Tuesday, July 17, 2012

Cycle Detection in LinkedList

Say, we have a linked list
    6->8->9->10->4->3->10.....

If last but one node points to 10, then we will end up in an infinite loop.
So the question here is - how to detect this cycle.

This can be identified using the Floyd Cycle detection algorithm.

http://en.wikipedia.org/wiki/Cycle_detection 

This algorithm is also known as Tortoise and Hare algorithm, In this we will have two references, one reference jumps to one position and other one jumps to 2 positions, we do this continuously until we iterate all the elements from both the references or if both the reference points to same node, In each iteration we will compare the node value from reference one and two.

Below is the simple java code to find the cycle detection.
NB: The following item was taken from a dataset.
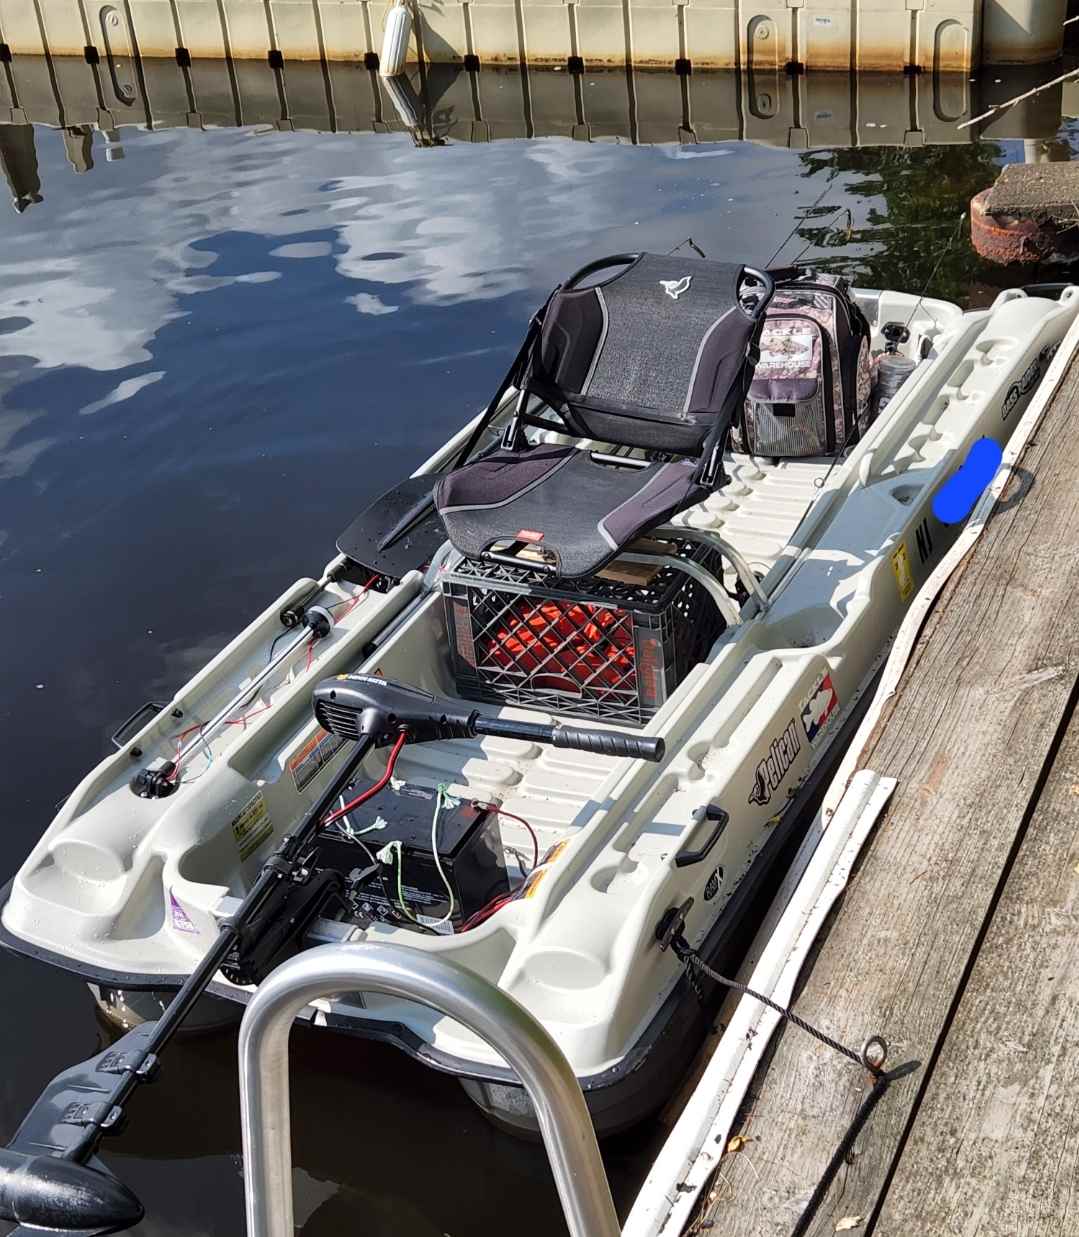 Any Pelican Bass Raider Owners Out There? - Page 135 - Bass Boats, Canoes,  Kayaks and more - Bass Fishing Forums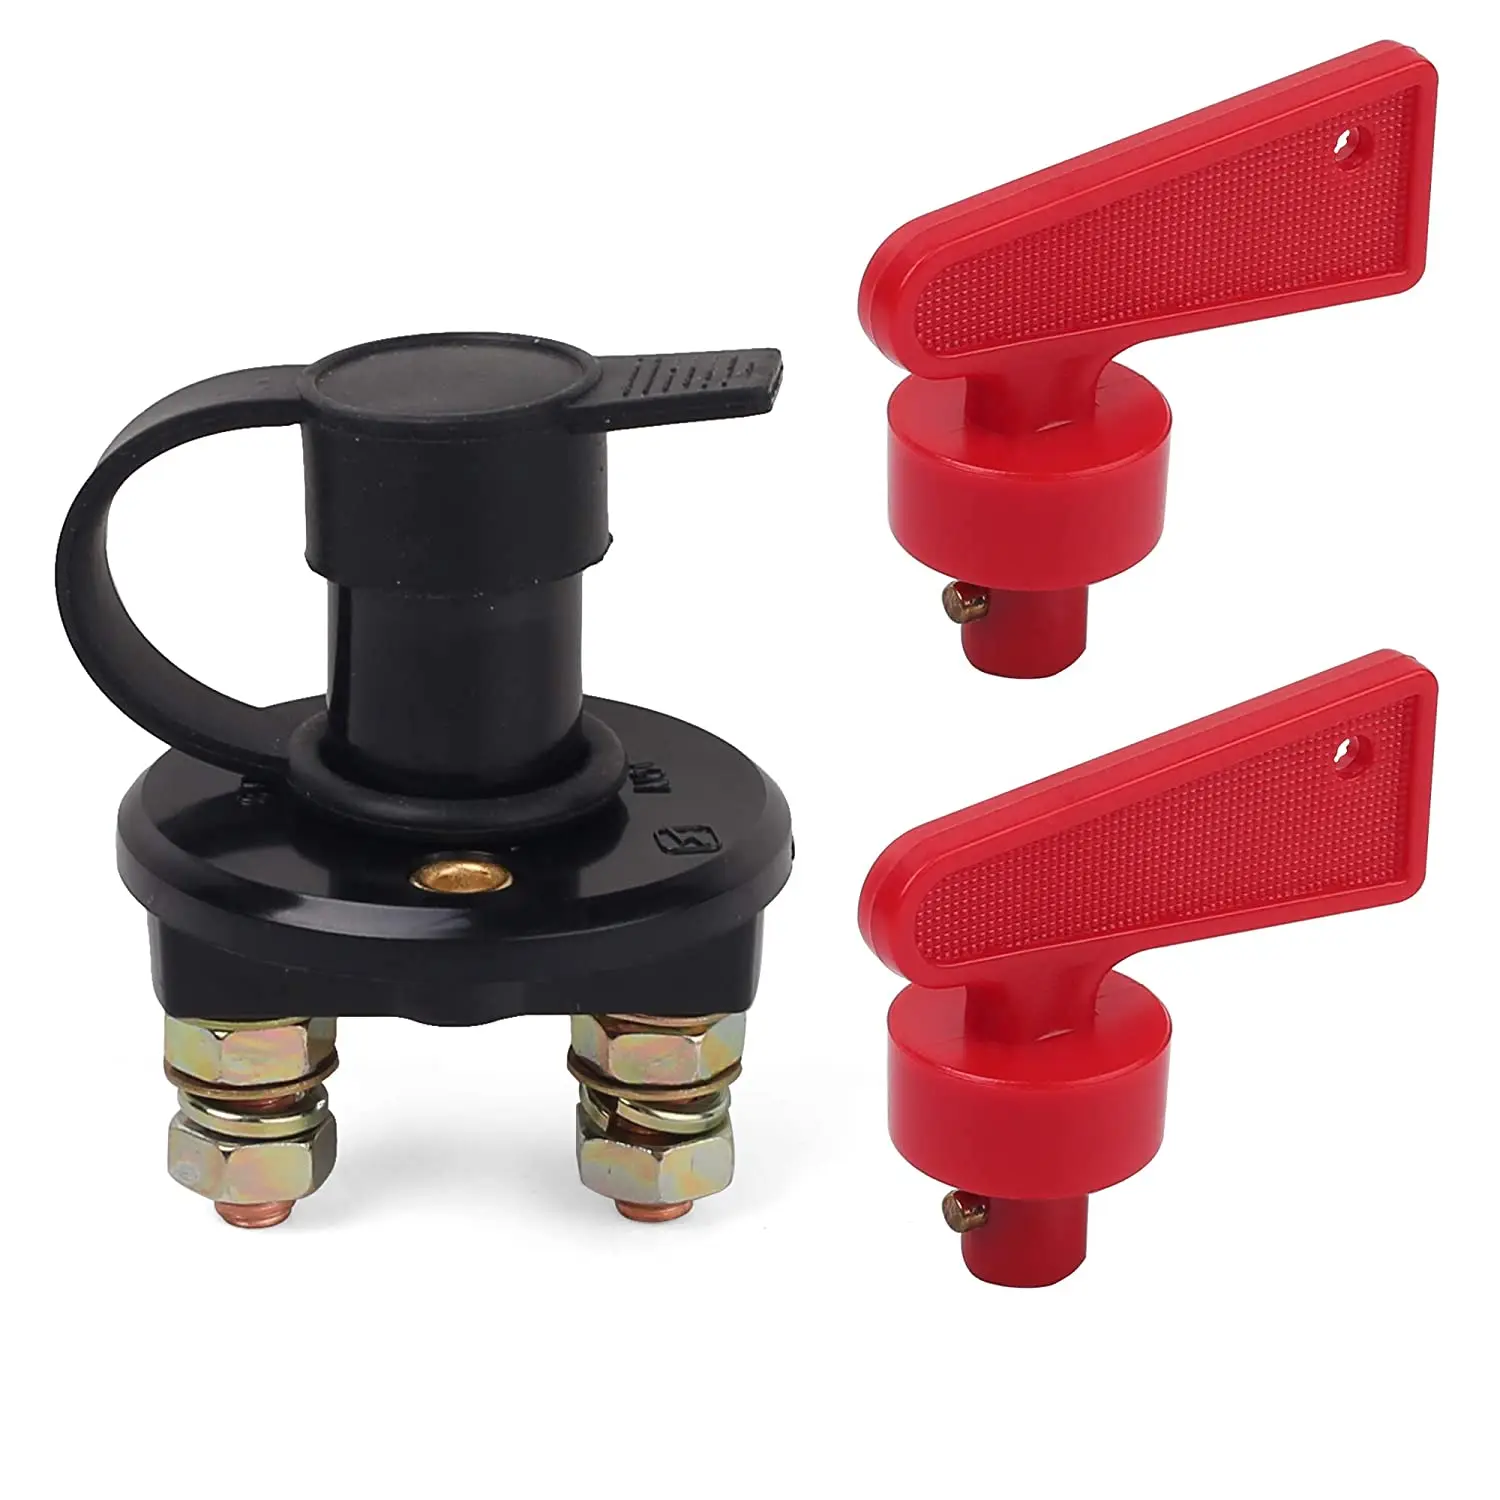 ivolks Boat Battery Switch Disconnect Master Isolator Cut On/Off Disconnect Switch for RV Marine Boat Car

Here we have introduced two references
first and second,  
Iteration 1, first -> 6, second ->8
Iteration 2, first -> 8, second ->10
Iteration 3, first -> 9, second ->3
Iteration 4, first -> 10, second ->4
Iteration 5, first -> 4, second ->10
Iteration 6, first -> 3, second ->3

At iteration 6, both the node values will be equal and we stop the iteration.

 


 
     public static boolean isCyclic(LinkedList list) {
        LinkedList.Node first = list.head(); // get the head node
        LinkedList.Node second = list.head.getNext(); // get the second node
       
        while(true) {
            if(first !=null && second != null && first.getData() != null && second.getData() !=null) {
                if(first.getData().equals(second.getData())) {
                    return true;
                } else {
                    first = first.getNext();
                    if(second.getNext() != null)
                        second = second.getNext().getNext();
                    else
                        second =  null;
                }
            } else
                return false;
        }
    }

Thursday, July 12, 2012

How to Merge two sorted arrays in O(n) time

Assume that we have two sorted arrays and we want to merge both the arrays efficiently into a single sorted array.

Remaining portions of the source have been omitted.